Friday, August 15, 2008

83 days and counting

Hat tip to my friends at the Intersection - linked to your left, for this one.

Astrophysicist urges presidential science debate

Thursday, August 14, 2008

Passing the torch - NOAA's fleet moves forward

This week in Seattle, NOAA has both closed a chapter in its operation of science vessels and opened a new chapter in both ship operations and ocean exploration. The closing regards the decommissioning of the R/V John N. Cobb. The Cobb wa sthe oldest of NOAA's research vessels, and the last one with a wooden hull. I have a soft spot in my heart for wooden boats, as my long time readership of Wooden Boat magazine will no doubt attest.
I had the pleasure of walking her decks when I lived in Seattle. Her lines were sweet, and you could actually smell the fish oil and the salt air in all her spaces. The Cobb was an important part of NOAA's long history of fish science studies in Alaska every summer, as well as Puget Sound.
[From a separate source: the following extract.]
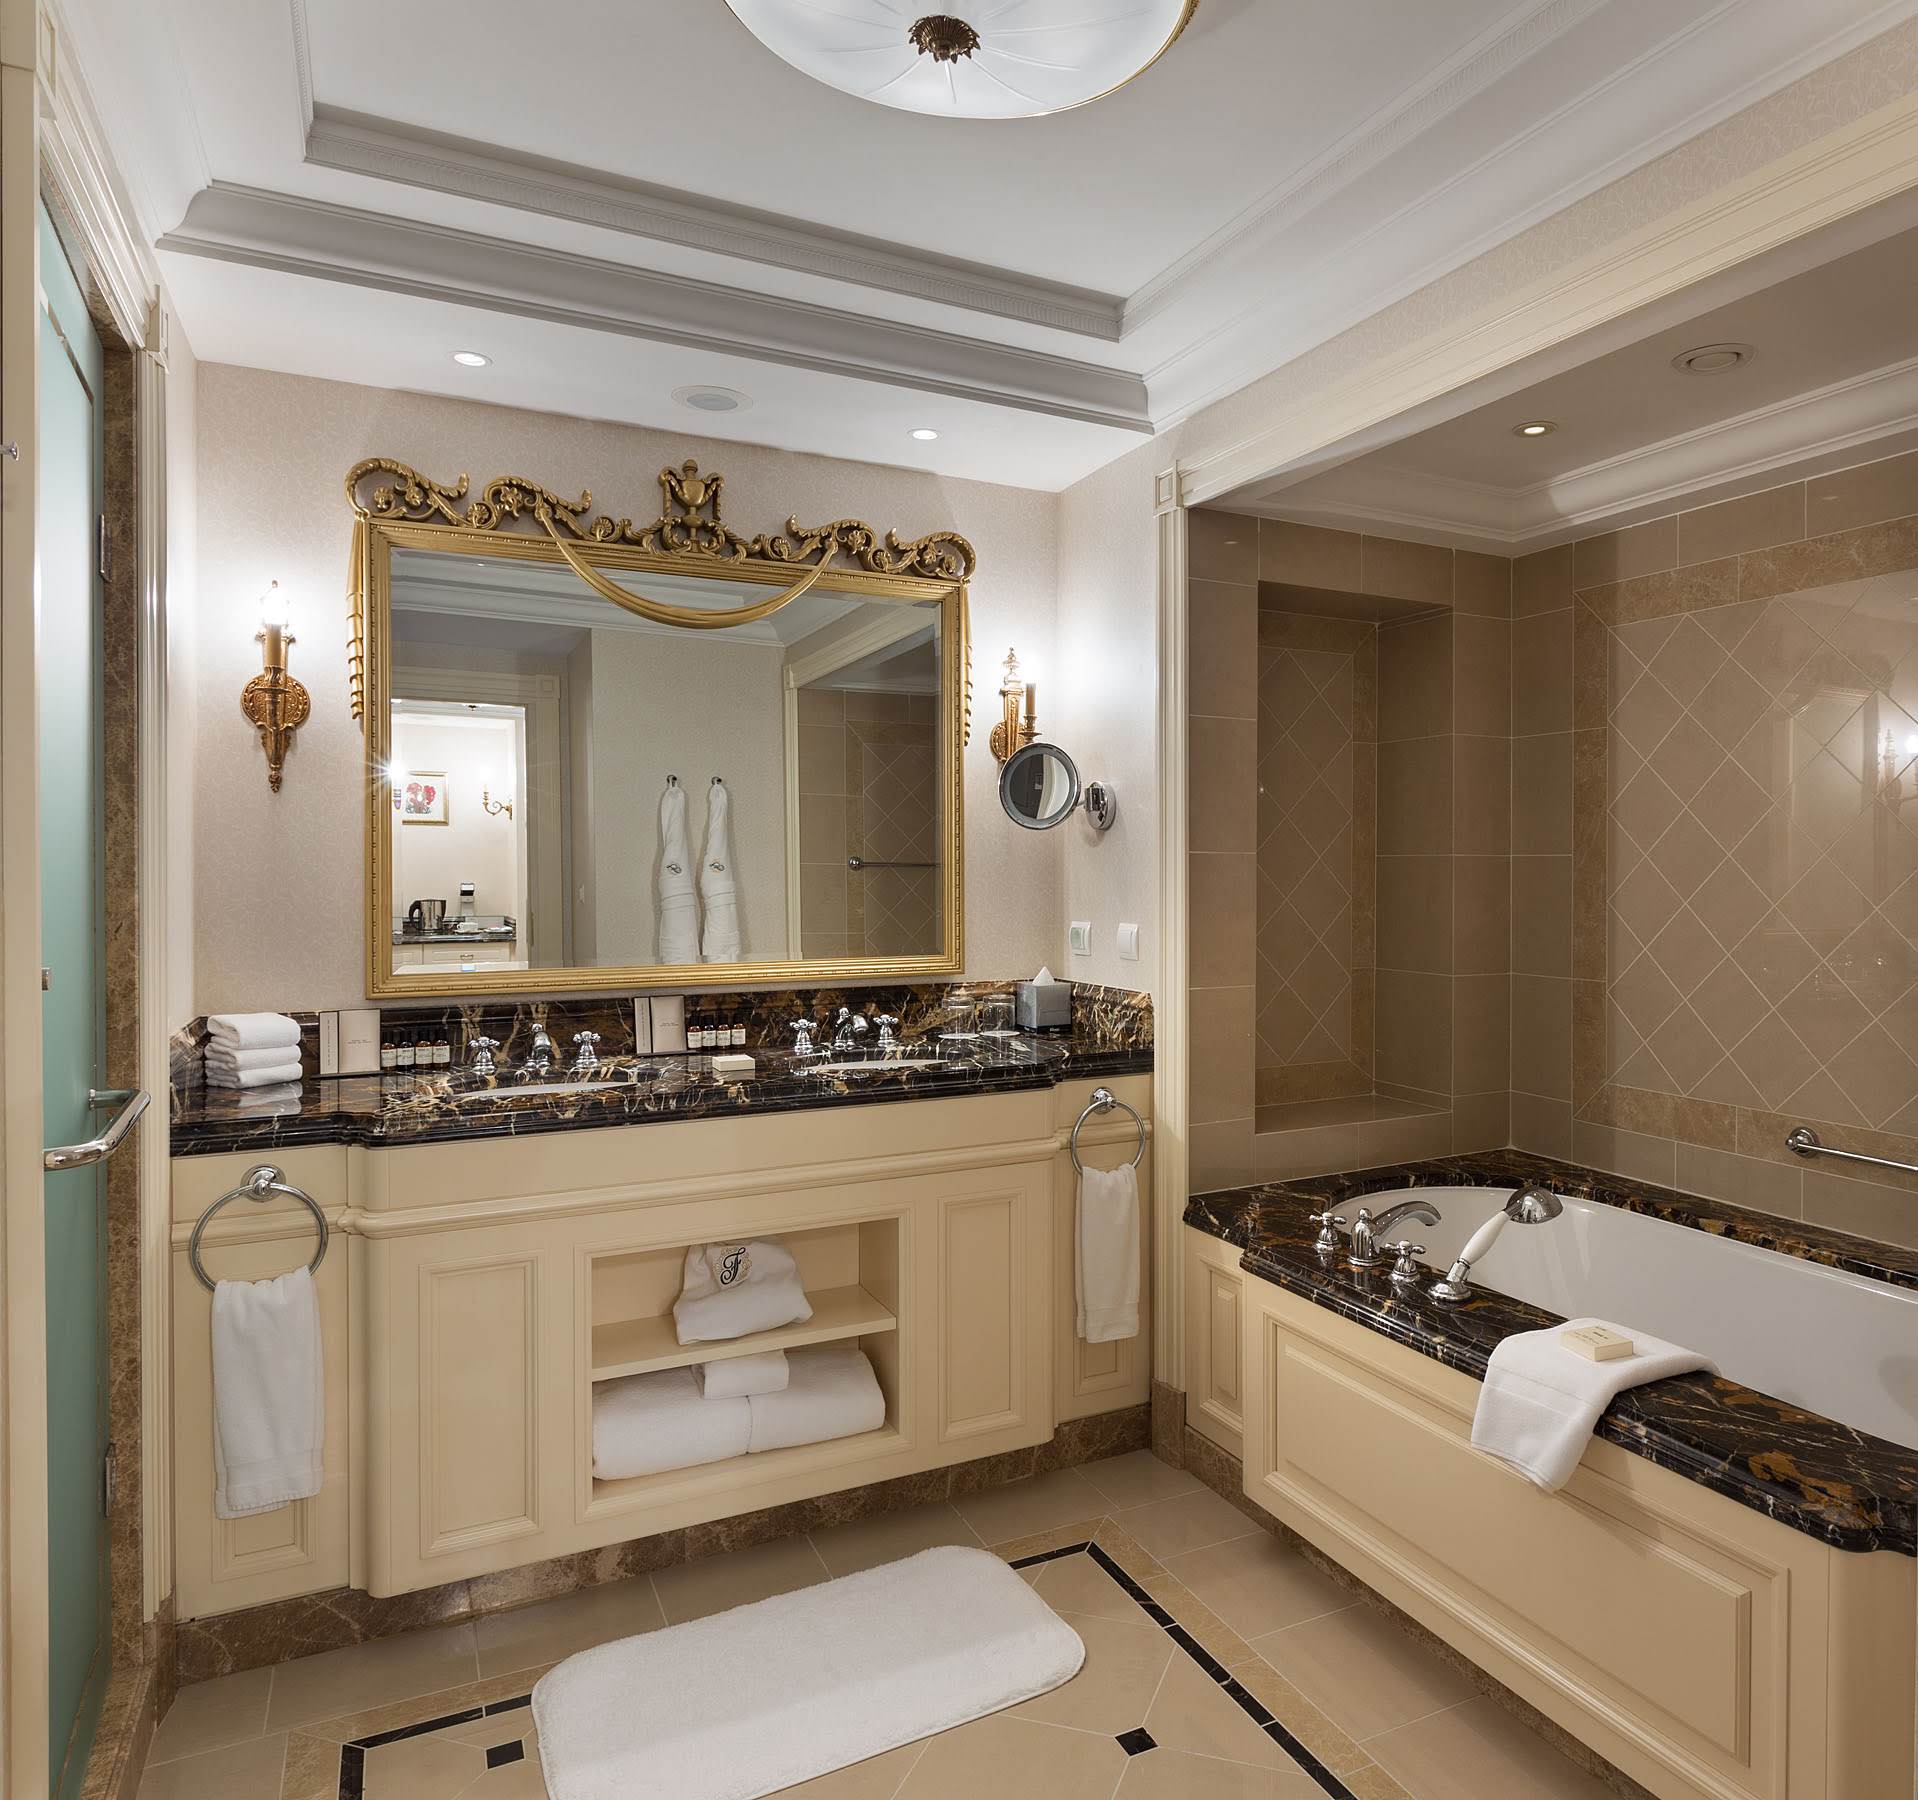 Bathroom interior in a hotel

Her crew are understandably saddened that she is now tied up permanently, but their many memories and many contributions will not soon be forgotten.
Across town, however, NOAA commissioned its newest ship, the Okeanos Explorer. The Explorer will now ply the seas to help unlock the mysteries of our deepest, darkest places. This is an entirely new mission for NOAA - one not driven by laws, lawsuits or Cogressional pork. For a few cool videos, see this link and this one (click on the title "Seattle Ship Will . . . ").
Sojoin me in thanking the Cobb and her crew for their service, and welcoming the Okeanos to the Nation's ocean fleet. It should be a great ride.

Monday, August 11, 2008

The solar revolution continues?

Now here's news: many of the Nation's larger retail chains are racing to install solar panels on the roofs of their buildings. Granted, it seems they want to do so in time to get a huge tax break. Even so, why is that bad? Government incentivised good, environmentally friendly behavior, and it worked!
I know, they should have done it because it is good for the environment. economic cost shouldn't be an issue. but to private business, who exist to make profits in the short term, cost is an issue. Sure, you'd expect Whole Foods to do this (and why they haven't done it nationally is a bit of a mystery), but WalMart? My guess is they not only figured the cost of the tax break, but looked at rising utility rates and decided to run their bottom line down by reducing grid reliance.
Look, if we are going to be successful at moving away from burning fossil fuels for electricity, and we need to, doesn't it make good business sense to create a climate where business makes money by doing so? Isn't that capitalism at its finest?

Thursday, August 7, 2008

Climate change and our kids future

Sometimes I get the words right. Sometimes others do. Today, Thomas L. Friedman does. Read it. You will understand why I do what I do once you are done.